We found that qualitative comparisons in the expression of serotonin genes in brain in both species could be a new exploratory method for the validation of translational studies. Some studies in large scale have made comparisons of complete genomes or whole brain found specific biomarkers for each species [19, 77-80]. However, comparisons for particular systems (serotonin, e.g.) have not been extensively explored, wasting the potential of the so-called big data studies and that could have forward applications in health and translational studies and bettering the understanding in the relationship of the brain and behavior [81-83]. The results reported show functionally the relationship of serotonin gene expression with analogous structures between mice and humans. Some studies report similarities in this sense; however, these comparisons usually are in specific genes [84, 85]. In this study we report the comparisons in the complete genes related to serotonin.

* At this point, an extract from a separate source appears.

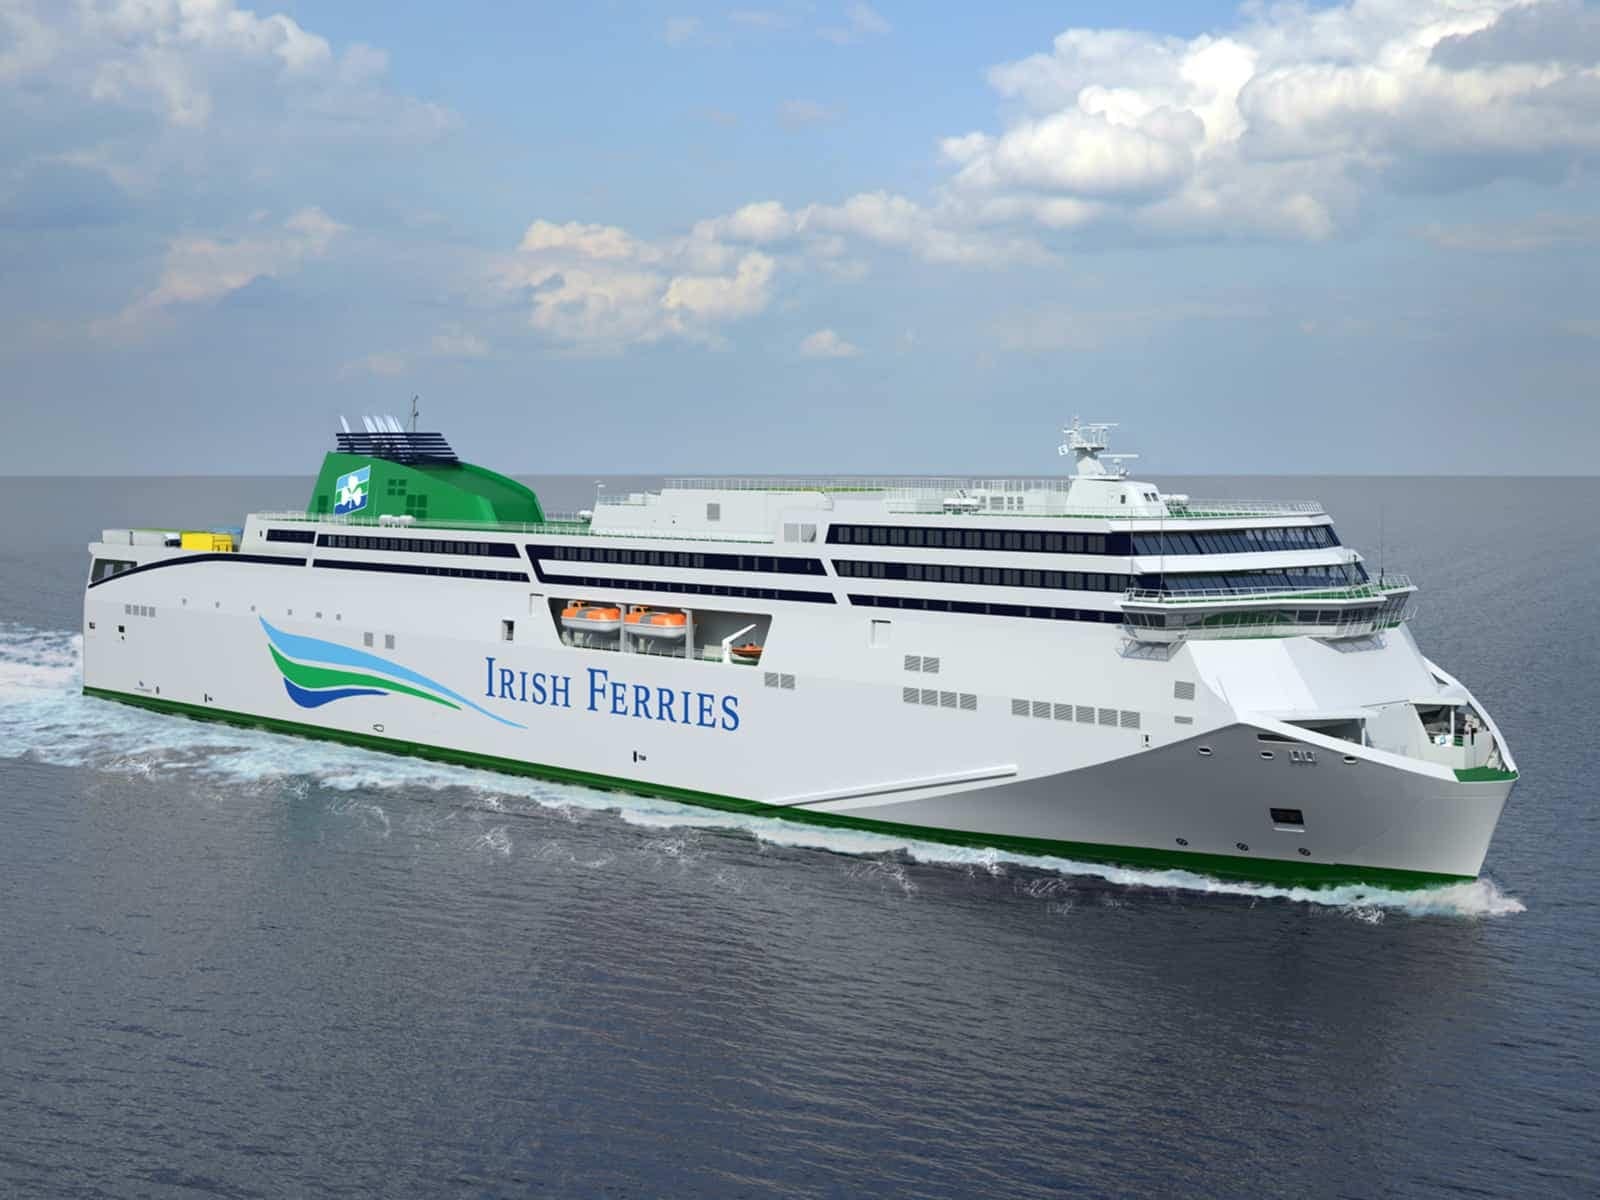 Rendering of Irish Ferries currently unnamed second FSG new-build ferry. When ordered she was expected to enter service on the Dublin - Holyhead route in mid-2020. Irish Ferries

The comparison technique proposed here suggests that the expressions of genes related to the synthesis, storage, reception and--atsome degree--inactivation of serotonin share similar mechanisms and locations between mice and humans. It is important to show that analysis between donors havs similar patterns of expression or group of genes suggesting a genetic mark or physiological phenotype such as has been proposed in similar studies [3]. These genetic similarities strengthen the validity of using animal models to study the functionality of genes and behaviors. It also enables the viability and functionality of some of these models and validates interspecies comparisons in physiology, genetics, and behavior. Accordingly, recent reports have attempted to identify percentages of similarity and difference between rodent and human cerebral cortex. These percentages of similarity and difference can then be taken into account when using behavioral and molecular models [80].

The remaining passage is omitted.